Updating our prior post, California’s Office of Environmental Health Hazard Assessment issued new proposed regulations on clear and reasonable warnings for Proposition 65. This proposed regulation follows March and September drafts that were subject to public and stakeholder input. The current draft is similar in substance to the September iteration, leaving unchanged many of the business community’s significant concerns. OEHHA will conduct a public hearing on March 25, 2015, and the public comment period is open until April 8, 2015.

Safe harbor warnings

The proposed regulation maintains the safe harbor approach (reversing the mandatory warnings proposed in the March draft). The draft provides specific warning methods and messages constituting safe harbors, but allows businesses to use other warnings as long as they comply with Section 25249.6.

The prior draft contained a provision specifically grandfathering in warnings previously approved in settlements or court judgments. The current draft drops this language because it is subsumed by the provisions allowing parties to provide warnings that comply with Section 25249.6.

Warning Language

The proposed regulation tweaks the last draft slightly, requiring the following language to fall under safe harbor protections:

WARNING: This product can expose you to a chemical [or chemicals] known to the State of California to cause [cancer]/[birth defects or other reproductive harm]. For more information go to www.P65Warnings.ca.gov.”

If the product contains any of the following chemicals, the chemical name must also be provided in the warning:

  • Acrylamide
  • Arsenic
  • Benzene
  • Cadmium
  • Carbon monoxide
  • Chlorinated tris
  • Formaldehyde
  • Hexavalent chromium
  • Lead
  • Mercury
  • Methylene chloride
  • Phthalates

In addition, safe harbor warnings must meet the following requirements:

  • All warnings must include a triangle with exclamation point.
  • For on-product labeling, unless otherwise prohibited by federal law, the warning language must be enclosed in a box, be in specific font sizes, and can include truncated warning messages.
  • All warnings must be legible and conspicuously printed and must be provided in a manner likely to be seen by the consumer.

OEHHA website

OEHHA originally proposed a website containing information that manufacturers would be required to provide regarding the chemicals in their products, as well as routes and magnitude of exposure. After much opposition, OEHHA has dropped that proposal.

OEHHA has replaced it with a separate proposed rulemaking for an OEHHA website to collect and provide information to the public concerning exposures to listed chemicals, including links to administrative entities that may provide information on the subject, listing of information concerning levels of human exposure and other more specific information for exposures from food products.

The proposed website regulation also requires manufacturers and distributors to provide OEHHA with certain information upon request “when reasonably available.”  Such information includes identifying chemicals for which warnings are given, the location of a chemical in a product, concentration, routes of exposure, and exposure levels.
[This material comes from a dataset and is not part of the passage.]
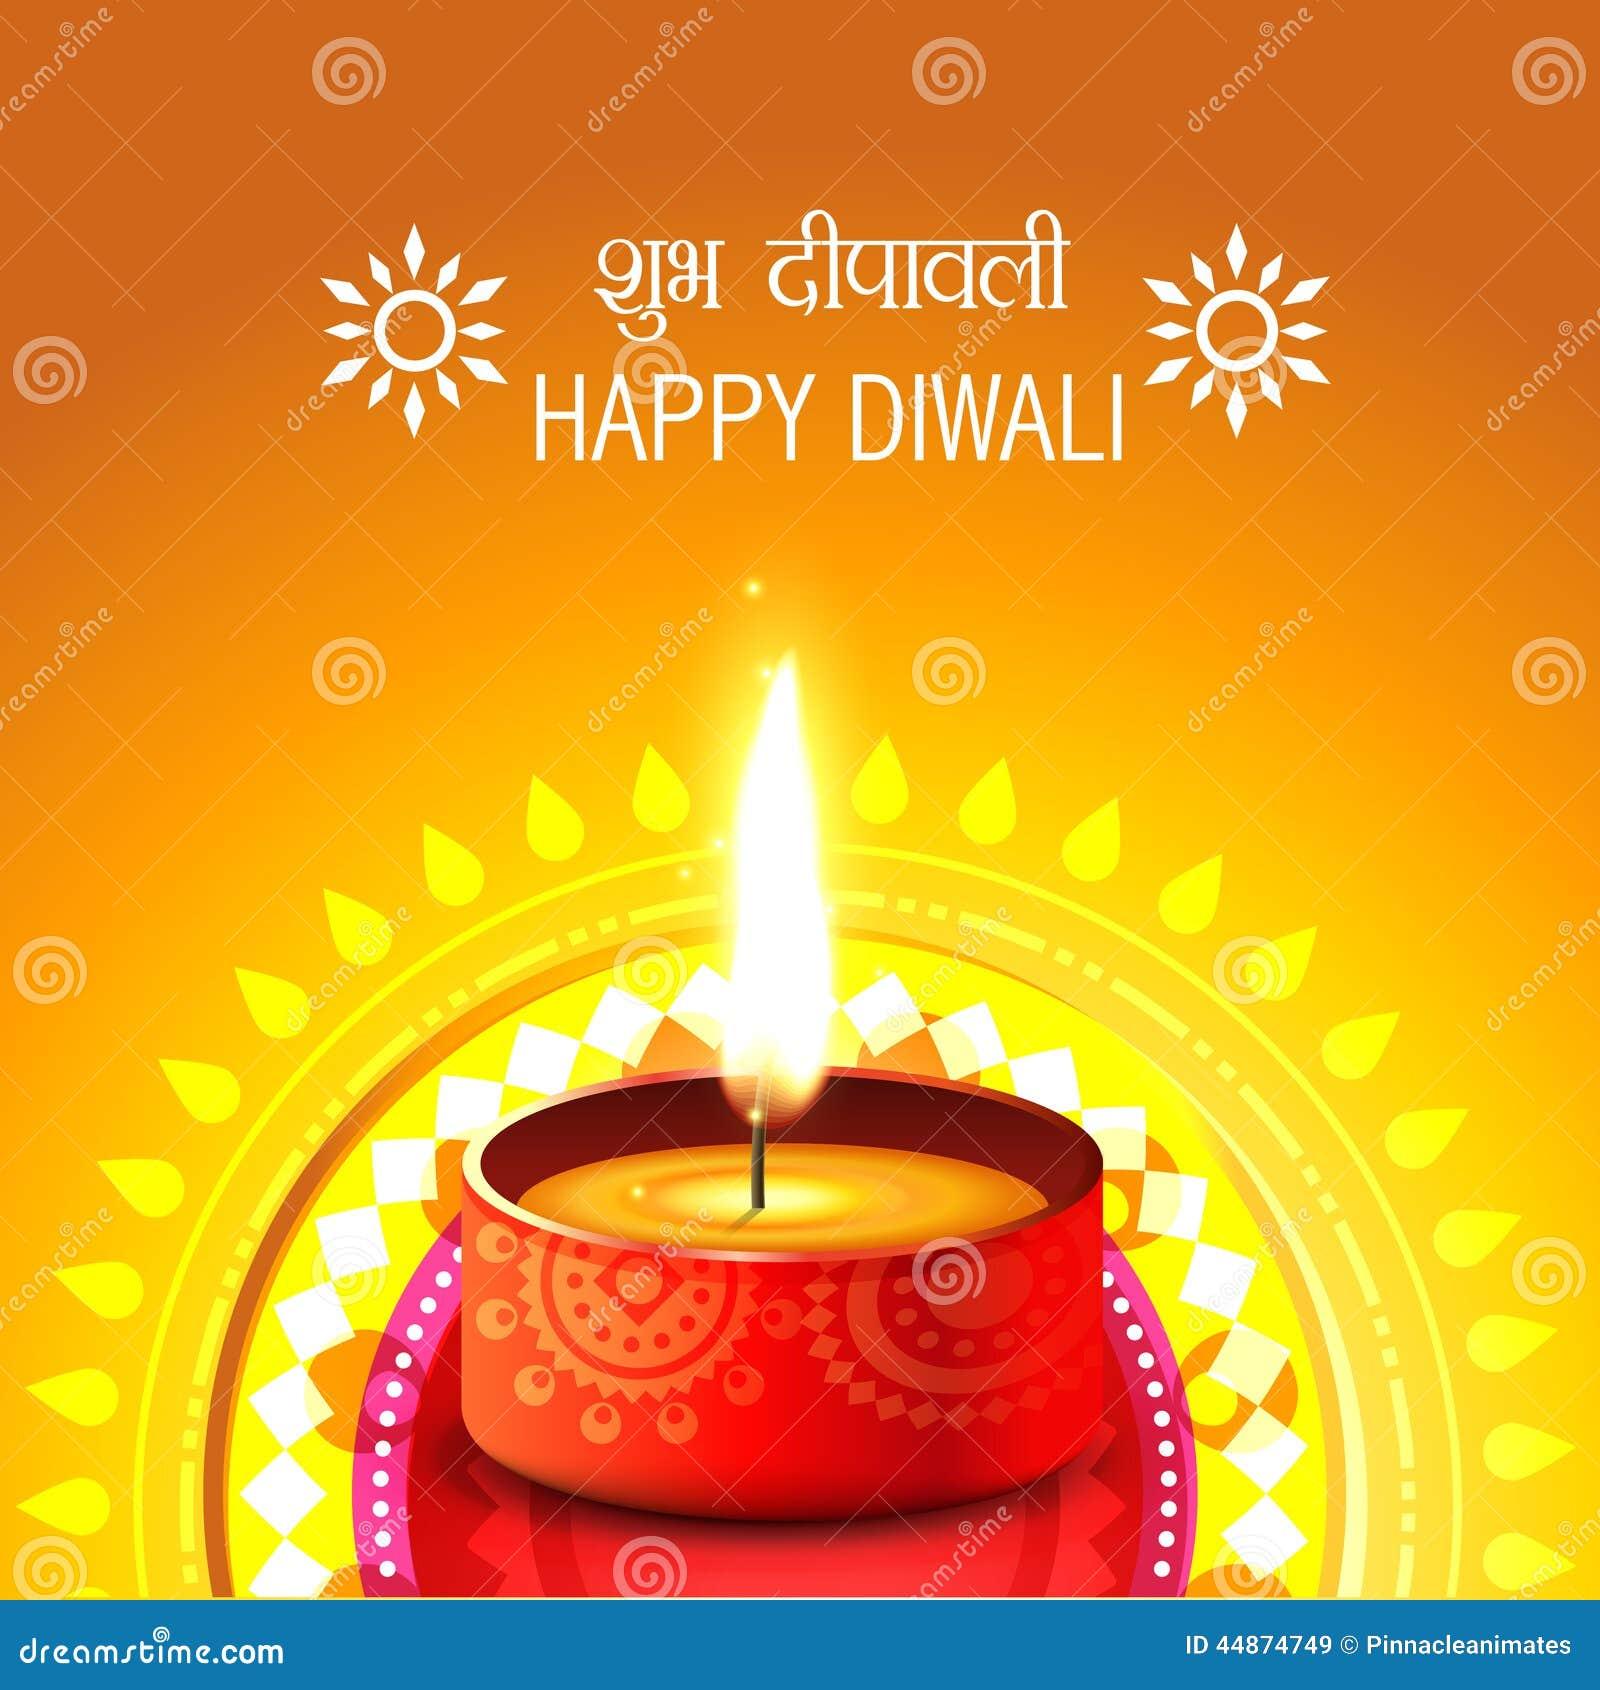 Creative background of diwali
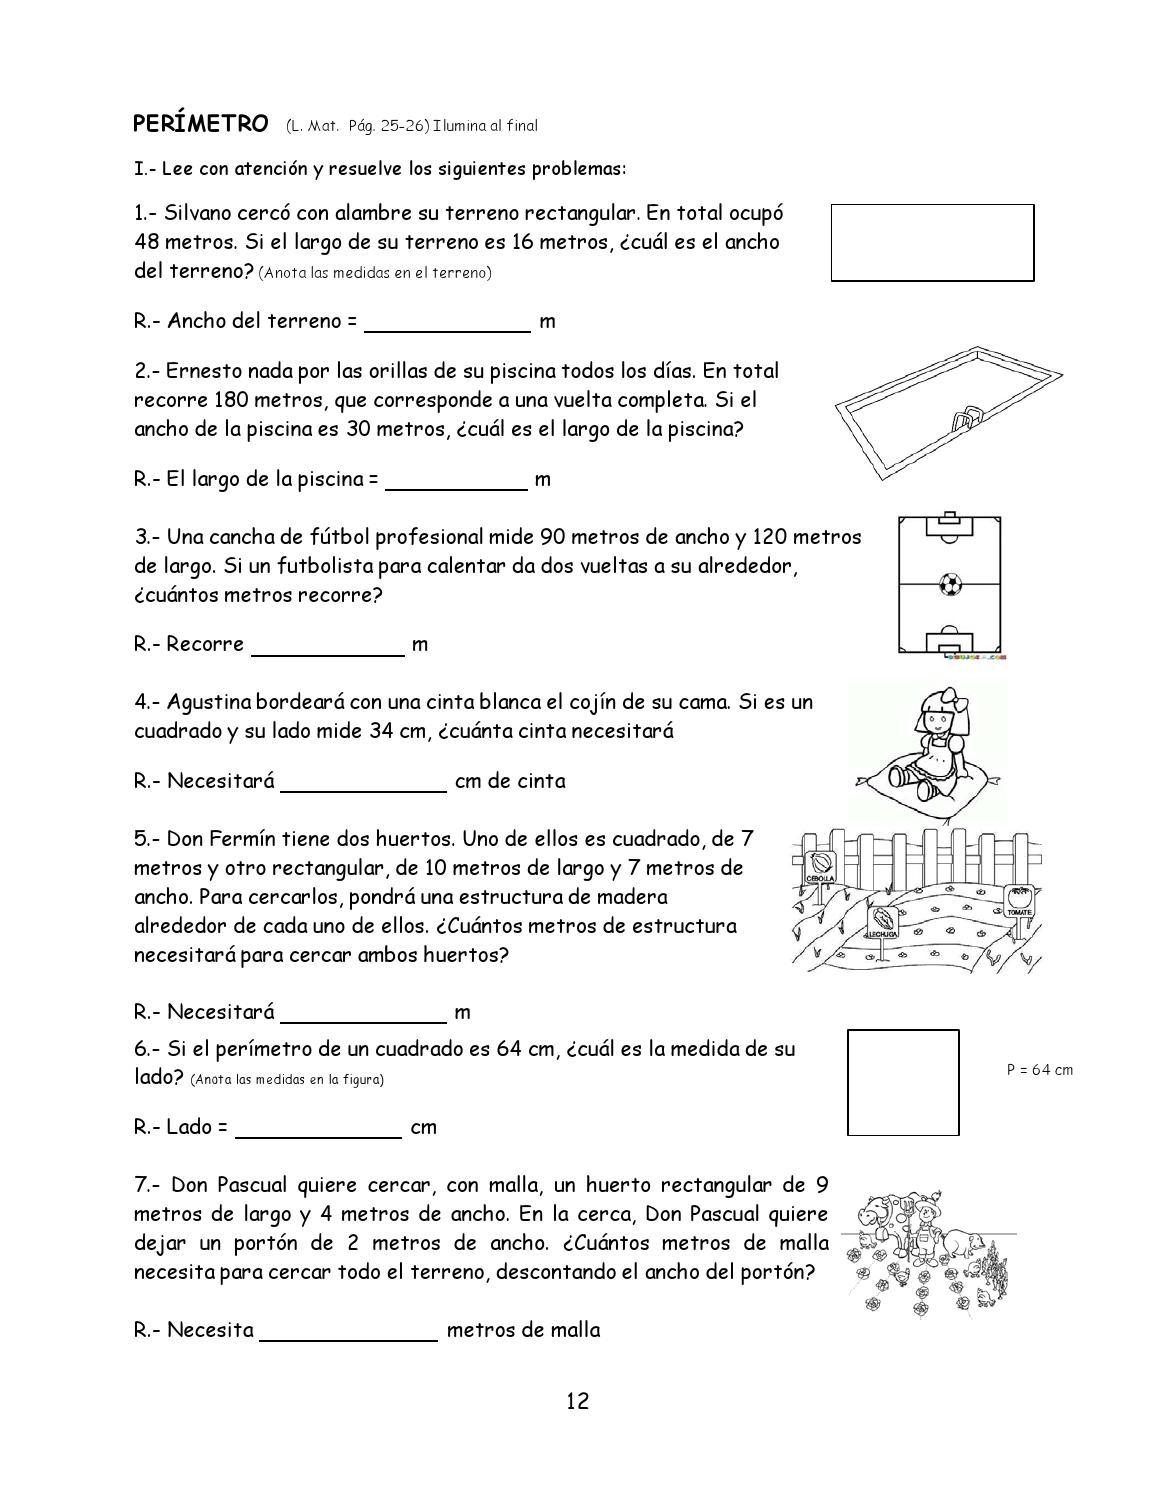 Ejercicios de matem ticas 5 by edukared issuu for Piscinas de 2 metros de ancho

Notably, failure to comply with an OEHHA request will not be deemed a violation of Prop 65.

Retailer obligations

As with the previous proposals, the current draft attempts to allocate warning responsibility to the manufacturer, distributors, and importers, with retailers only responsible under the following conditions:

  1. The retailer sells its own private label product;
  2. The retailer knowingly and intentionally introduced a listed chemical into the product, or caused a listed chemical to be created in the product;
  3. The retailer covered, obscured or altered a warning label already affixed to the product;
  4. The retailer received warning information and materials (or an offer to provide warning materials) for the exposure from the manufacturer and the retailer sold the product without conspicuously posting those warning materials; or
  5. The retailer has “actual knowledge” of the potential product exposure requiring the warning, and the manufacturer, distributor, importer, or packager are all (a) exempt from Prop 65, and/or (b) foreign entities with no agent for service of process.

“Actual knowledge” and opportunity to cure

The draft defines “actual knowledge” as “specific knowledge of the product exposure that the retailer receives from any reliable source,” and if the source of the knowledge is a 60-day notice, the retailer does not have actual knowledge of any alleged exposure until two business days after receiving the notice.

In the Initial Statement of Reasons for the proposed regulation, OEHHA explains that this means that a retailer with no actual knowledge of a potential exposure prior to receiving a 60-day notice has “a two business-day period after receipt of the notice … to either post a warning or pull the product to avoid causing a knowing and intentional exposure.”

This reflects a change from the September draft, which put the language regarding knowing and intentional exposure directly into the regulation. However, OEHHA has made it clear that retailers have an opportunity to cure if they have no prior actual knowledge.